- Katakwi Map of Uganda showing the location of Katakwi.
- Coordinates: 01°54′54″N 33°57′18″E﻿ / ﻿1.91500°N 33.95500°E
- Country: Uganda
- Region: Eastern Region of Uganda
- Sub-region: Teso sub-region
- District: Katakwi District
- Elevation: 1,100 m (3,600 ft)

Population (2020 Estimate)
- • Total: 9,100
- Time zone: UTC+3 (EAT)

= Katakwi =

Town in Uganda

Katakwi is a town in the Eastern Region of Uganda. It is the main municipal, administrative, and commercial center of Katakwi District and the site of the district headquarters.

==Location==
Katakwi is approximately 52 km, by road, northeast of Soroti, the largest city in the Teso sub-region. It is about 153 km, by road, northwest of Mbale, the largest city in Uganda's Eastern Region. Katakwi is approximately 343 km, by road, northeast of Kampala, the capital of Uganda and its largest city. The coordinates of the town are 01°54'54.0"N, 33°57'18.0"E (Latitude:1.9150; Longitude:33.9550).

==Population==
The 2002 national census estimated the town's population at 5,900. In 2010, the Uganda Bureau of Statistics (UBOS) estimated the population at 8,100. In 2011, the UBOS estimated the population at 8,400 people.

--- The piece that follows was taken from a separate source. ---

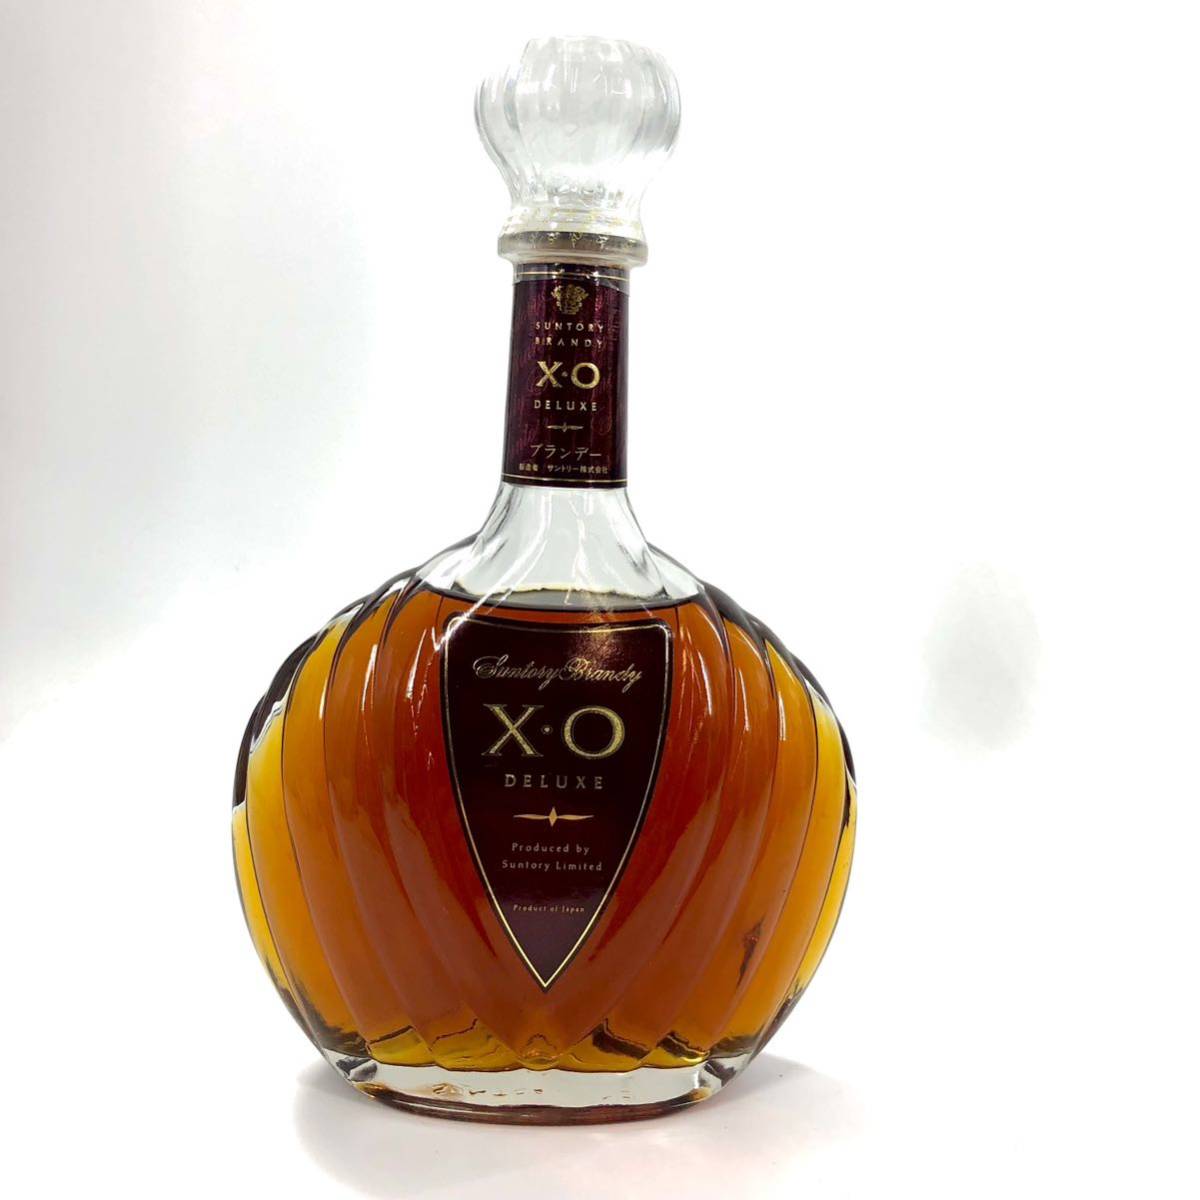 R-103 ブランデー 古酒 XO マーテルスプリーム シャボー アルマニャック コニャック ブランデーまとめ 箱付き 5本セット 1715年_画像2

In 2015 the population of the town was projected at 8,000. In 2020 the mid-year population of Katakwi Town Council was projected at 9,100. It was calculated that the population of the town had increased at an average annual rate of 2.6 percent between 2015 and 2020.

==Points of interest==
The following additional points of interest lie within the town limits or close to the edges of town: (1) Stanbic Bank Uganda Limited maintains a branch in town (2) the offices of Katakwi Town Council (3) Katakwi central market (4) Katakwi General Hospital, a public hospital administered by the Uganda Ministry of Health (5) the Soroti–Katakwi–Moroto–Lokitanyala Road passes through the middle of town.